§ **Provided entries**:
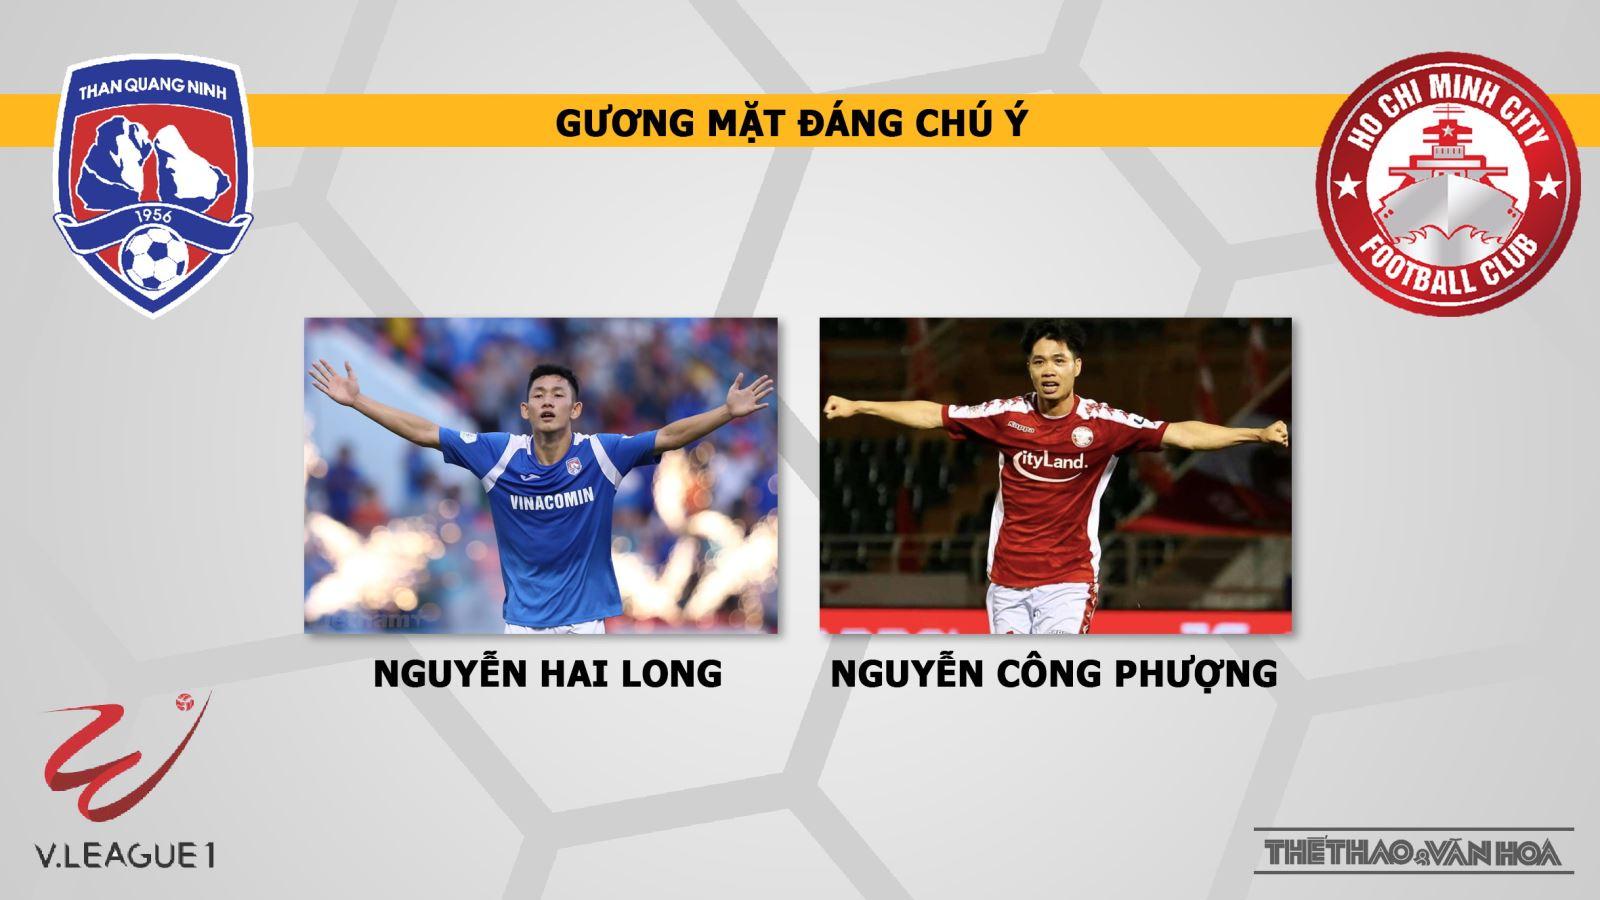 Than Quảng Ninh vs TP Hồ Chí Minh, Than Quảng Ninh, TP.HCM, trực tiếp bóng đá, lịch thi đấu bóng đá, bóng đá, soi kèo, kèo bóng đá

==

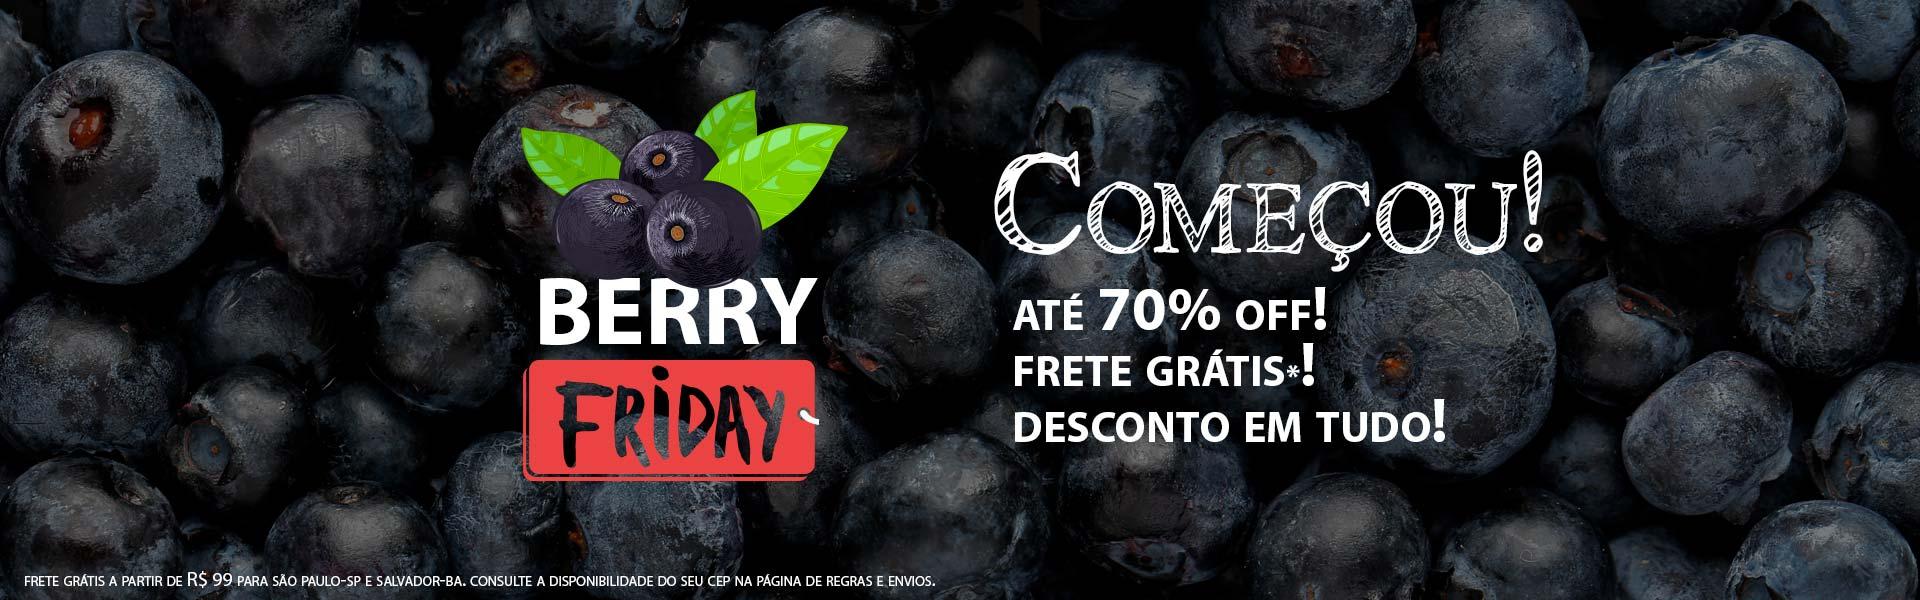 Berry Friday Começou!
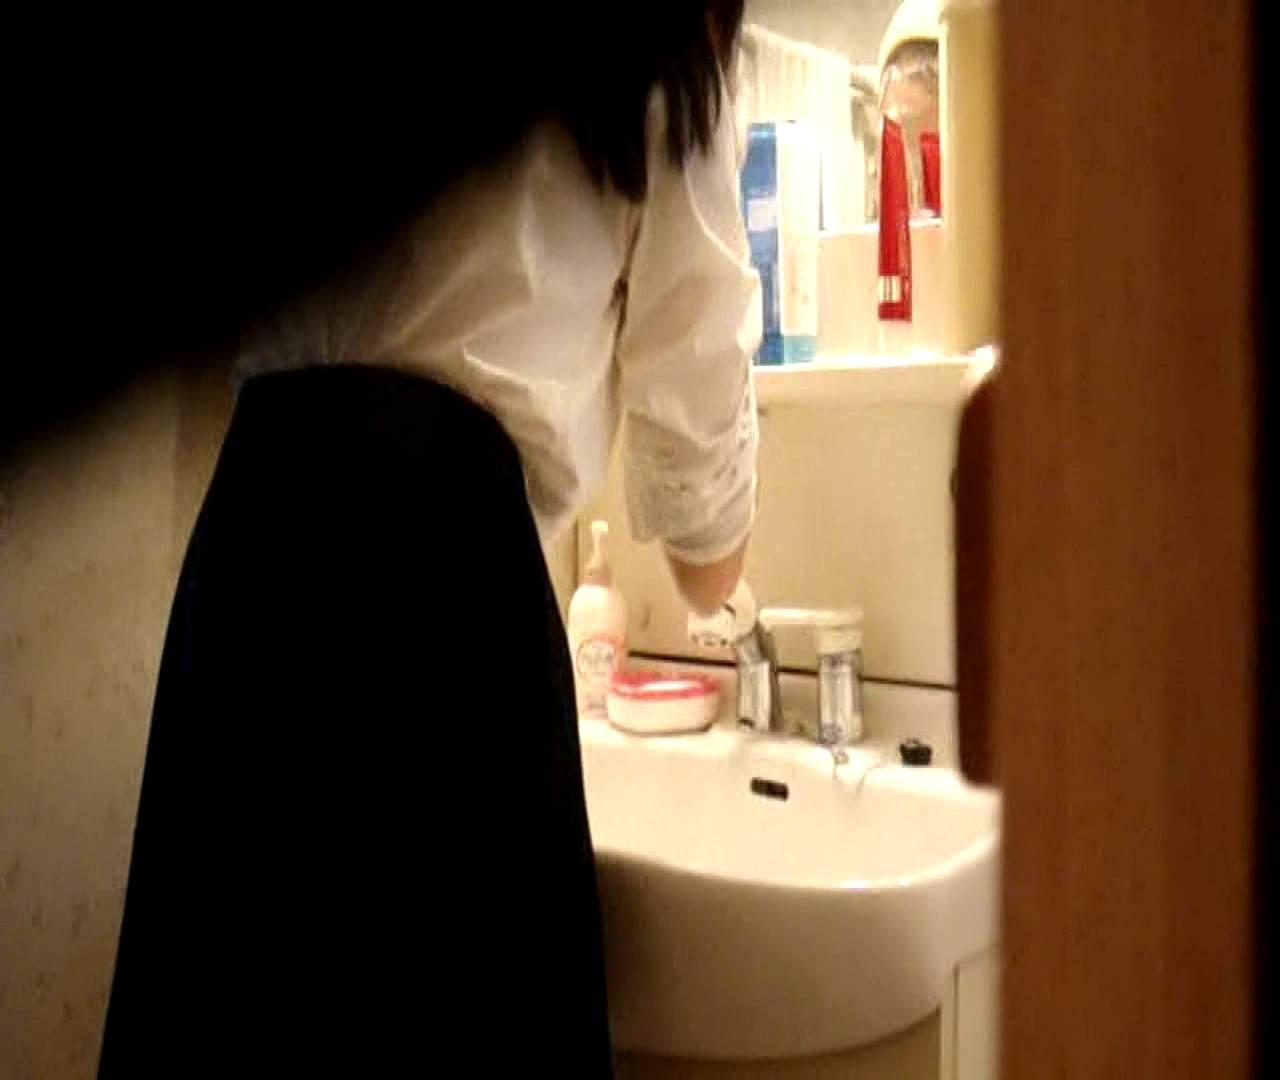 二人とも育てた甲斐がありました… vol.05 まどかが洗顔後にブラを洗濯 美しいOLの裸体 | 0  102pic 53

§ **Task prompt**:
The answer must be the lines above from the one containing "Berry Friday Começou!" through the one containing "二人とも育てた甲斐がありました… vol.05 まどかが洗顔後にブラを洗濯", reproduced exactly, with no pictures and nothing else.

§ **Task result**:
 Berry Friday Começou!
 二人とも育てた甲斐がありました… vol.05 まどかが洗顔後にブラを洗濯 美しいOLの裸体 | 0  102pic 53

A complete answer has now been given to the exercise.